Tomatoes in Bondage

A.V. Walters

There’s a debate, heated sometimes, about whether tomatoes should be allowed to sprawl or whether they should be restrained in cages. This is a true measure of the farmer-gardener divide. Obviously, tomatoes grown in the field couldn’t be effectively caged. (It would interfere with all that mechanized equipment.) Here, on our farm, there’s no question. Elmer likes a tidy garden. When I came, I decided to solve that with a few cages, and now he’s a convert. (Well, an armchair convert, since it’s us doing the work.)

The garden stores offer a wide, and wild, variety of vegetable restraints. I’ve tried most of them. Any such restraint system must be analyzed in terms of ease of use, strength, durability (season to season), visual impact (yes, it matters), accessibility (if you can’t get your hand in, nothing’s coming out) and cost. Since it’s an investment, the repeat gardener wants something that will give years of use. Back in the city, over the years I tried those wooden stacking cages, standard wire cages, lattice fencing, and these lovely, but expensive, aluminum spiral stakes. Part of the consideration is just how many tomatoes do you have? With just a couple of pampered urban vines you can afford the high end stylish systems. These days, though, with thirty-three bucketed tomatoes, we have to go with industrial strength cages

We made the investment last year. We’d been monkeying around with “tomato-cage-lite” for a couple of years and they kept collapsing under the weight of the plants. So last year, we bit the bullet and bought thirty, heavy-duty, welded-wire, 54 inch cages. (That’s the gardener part of me.) They were on sale, and since I was buying so many of them, I negotiated an even better price. There was no way I’d have paid the original sticker price of over nine bucks a cage. (That’s the farmer part of me.)

Our cages are the envy of the farm. I’m not sure why, because it’s a community garden—so everyone enjoys the tomatoes. But both years that we’ve had them, they’ve elicited comments of admiration and envy. I don’t think it’s a come on—Hey honey, them’s fine restraints you got there—this is real equipment admiration, with just a touch of covetousness. They just are nice sturdy industrial strength cages and everyone who sees them, notices.

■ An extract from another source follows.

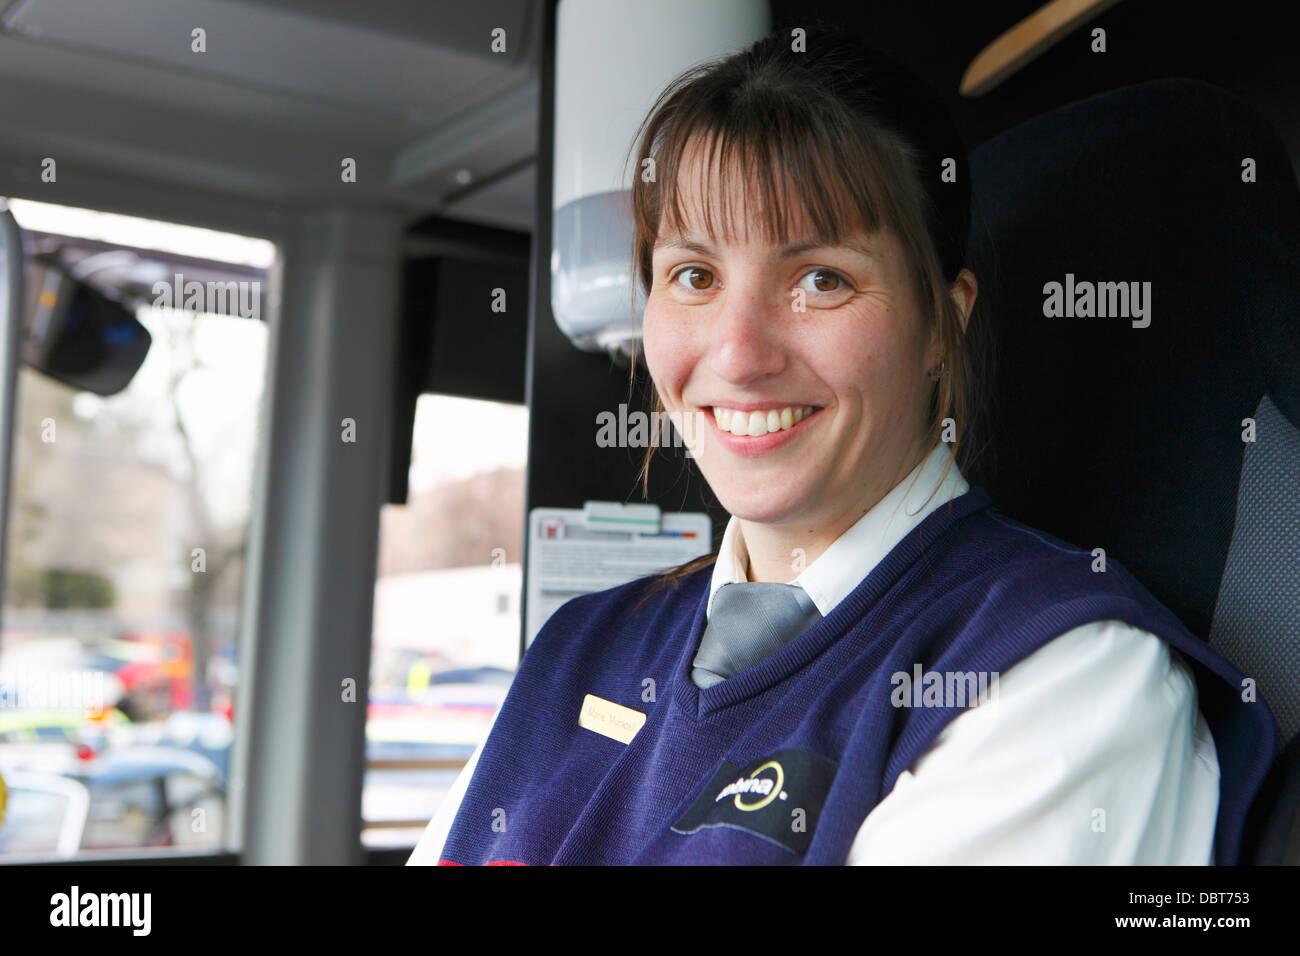 Portrait of female bus driver - Stock Image

I suppose you could put in the cages when the tomatoes were just little sprites. But, that would be too easy. It’s not just that, though, in the early garden, when you’re digging in, there’s so much to do to catch the early season. You do what’s needed so you can get it all done. Then, when there’s a breather between establishing the garden and the onset of weeds, you can worry about the extras, cages, structures for pole beans and cucumbers, etc. Some years I’ve been caught short, wrestling undisciplined, sprawling, teenage tomatoes into cages. It can take up to three people to do it if you wait too long. This year was just right. I needed to sterilize the cages in bleach-water after last year’s blight, so that caused a little delay, but otherwise the timing was perfect. For the most part, the tomato plants were less than a foot tall, so the cages slid over them easily

The installation of the cages brought out the neighbors. It’s a sign; the garden is in. (Hopefully it’s also a sign that there’s no room for any more tomatoes.) We all stood out in the early evening rays, enjoying beers and garden talk. One of the neighbors nodded at how good they look and added, “You know, I’ve got a bunch of beans started…” She doesn’t know if they’re bush beans or pole beans. More buckets to dig in….beans, fit to be tied.